Exercise details:
With the pictures omitted, repeat exactly the lines below starting with the line that has "Heilpflanze Rose - rosa" and going on through the line that has "Rollbild, China, 'Personen".

Extracted material:
------------------------

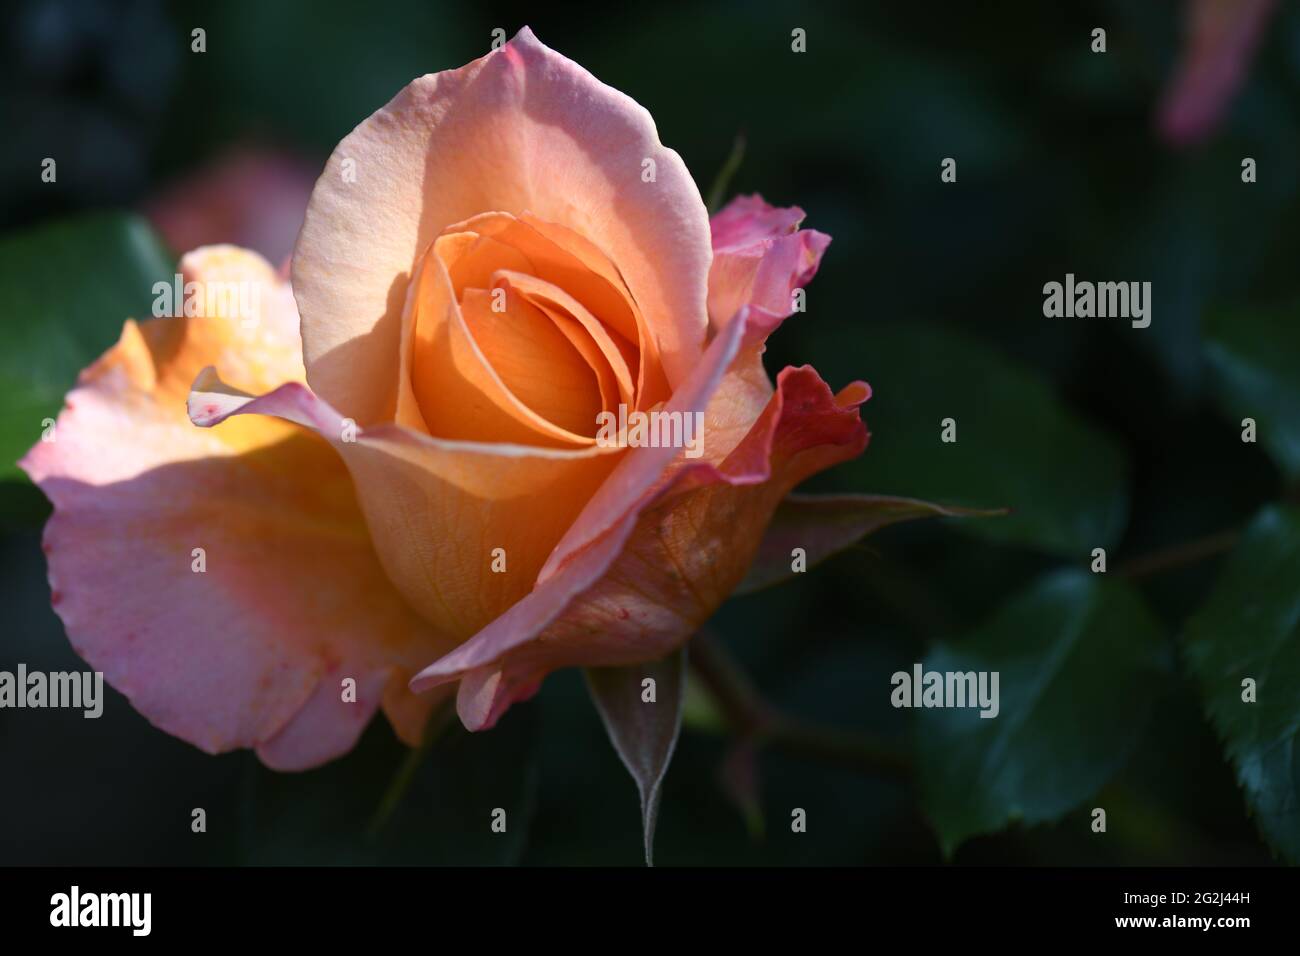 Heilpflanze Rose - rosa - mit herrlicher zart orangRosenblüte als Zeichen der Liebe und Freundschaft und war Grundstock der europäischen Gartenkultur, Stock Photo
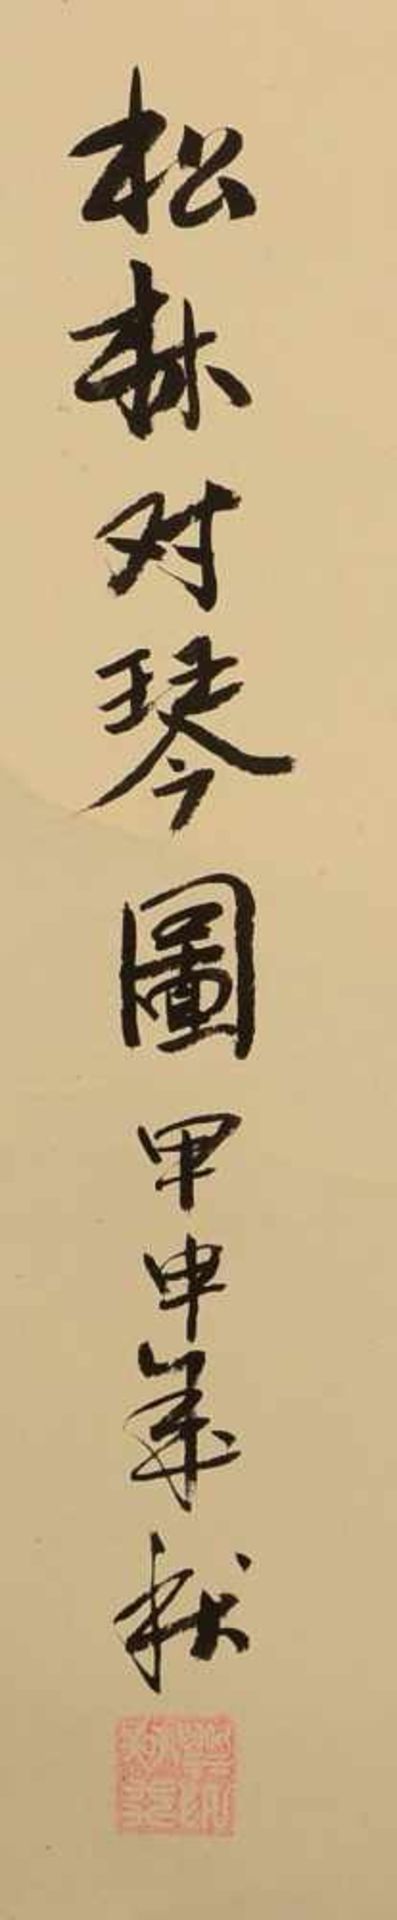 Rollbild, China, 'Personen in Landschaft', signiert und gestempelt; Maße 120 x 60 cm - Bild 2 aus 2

------------------------

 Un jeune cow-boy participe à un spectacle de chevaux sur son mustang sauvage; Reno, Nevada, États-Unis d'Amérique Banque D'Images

------------------------

Answer to the problem:
 Heilpflanze Rose - rosa - mit herrlicher zart orangRosenblüte als Zeichen der Liebe und Freundschaft und war Grundstock der europäischen Gartenkultur, Stock Photo
 Rollbild, China, 'Personen in Landschaft', signiert und gestempelt; Maße 120 x 60 cm - Bild 2 aus 2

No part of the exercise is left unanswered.